Minister of Agriculture, Livestock, Irrigation and Environment, Northern Province
- In office 11 October 2013 – 15 June 2017
- Succeeded by: C. V. Vigneswaran

Member of the Northern Provincial Council for Jaffna District
- Incumbent
- Assumed office 11 October 2013

Personal details
- Born: 1958 (age 67–68)
- Party: Eelam People's Revolutionary Liberation Front
- Other political affiliations: Tamil National Alliance
- Education: Madras Christian College
- Ethnicity: Sri Lankan Tamil

= P. Ayngaranesan =

Sri Lankan politician

Ponnudurai Ayngaranesan (பொன்னுத்துரை ஐங்கரநேசன்) is a Sri Lankan Tamil environmentalist, politician and former provincial minister.

==Early life and family==
Ayngaranesan was born in 1958 and educated at Jaffna Hindu College and Madras Christian College.

==Career==
Ayngaranesan was director of the Universal Science Centre in Kantharmadam. He is an environmentalist.

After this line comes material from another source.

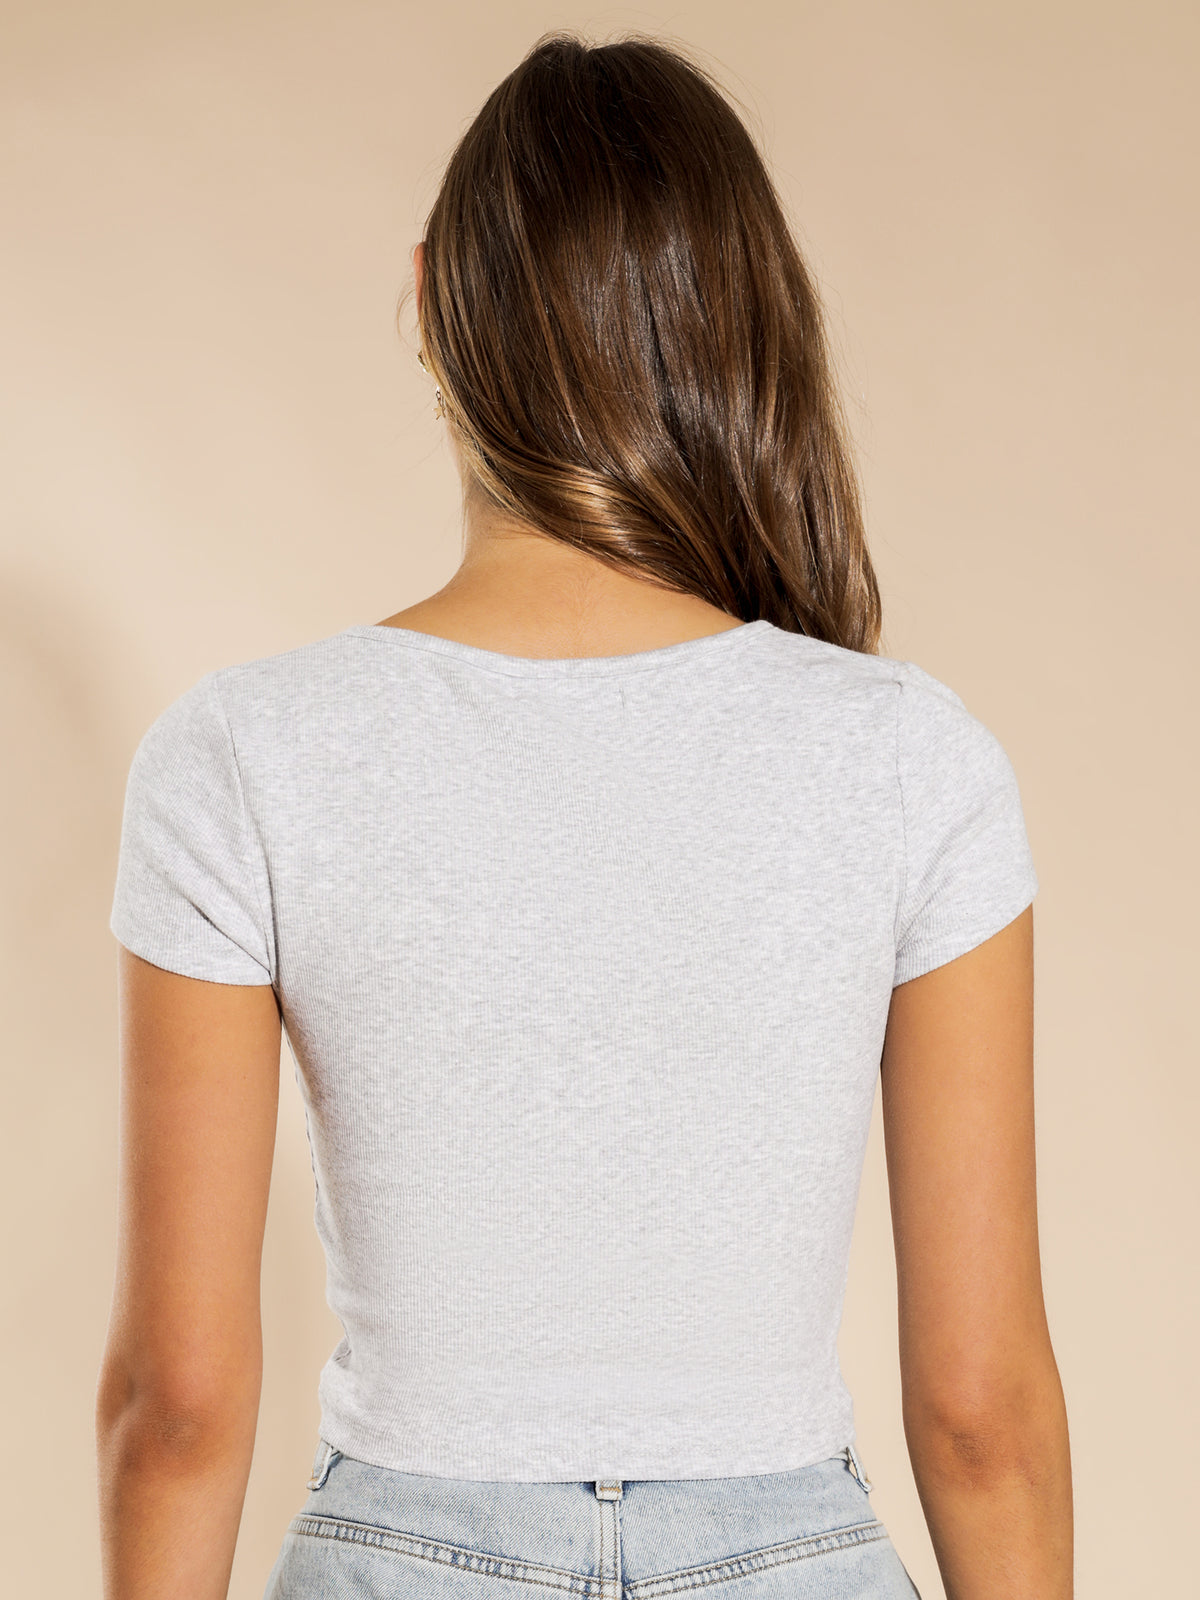 Tina Notch Front T-Shirt in Grey Marle

Ayngaranesan contested the 2013 provincial council election as one of the Tamil National Alliance's candidates in Jaffna District and was elected to the Northern Provincial Council (NPC). After the election he was appointed Minister of Agriculture, Livestock, Irrigation and Environment. He took his oath as minister and provincial councillor in front of Chief Minister C. V. Vigneswaran at Veerasingam Hall on 11 October 2013.

===Resignation===
Starting in late 2016, several charges of irregular practices were levelled against the four provincial ministers for Northern Province. Chief Minister Vigneswaran appointed a three-member committee consisting of retired judge S. Thiyakenthiran (chair), retired judge S. Paramarajah and retired District Secretary S. Patmanathan to investigate the charges. In June 2017 the NPC was plunged into chaos after Chief Minister Vigneswaran asked Ayngaranesan and fellow minister T. Kurukularajah to resign after the three-member committee found evidence to substantiate charges of corruption, abuse of power and misuse of funds levelled against the two ministers. Ayngaranesan had been accused of malpractice in connection with renovation of agricultural wells and other irrigation activities. Vigneswaran also requested that the two other ministers, B. Deniswaran and P. Sathiyalingam, who had been exonerated by the committee, to go on leave.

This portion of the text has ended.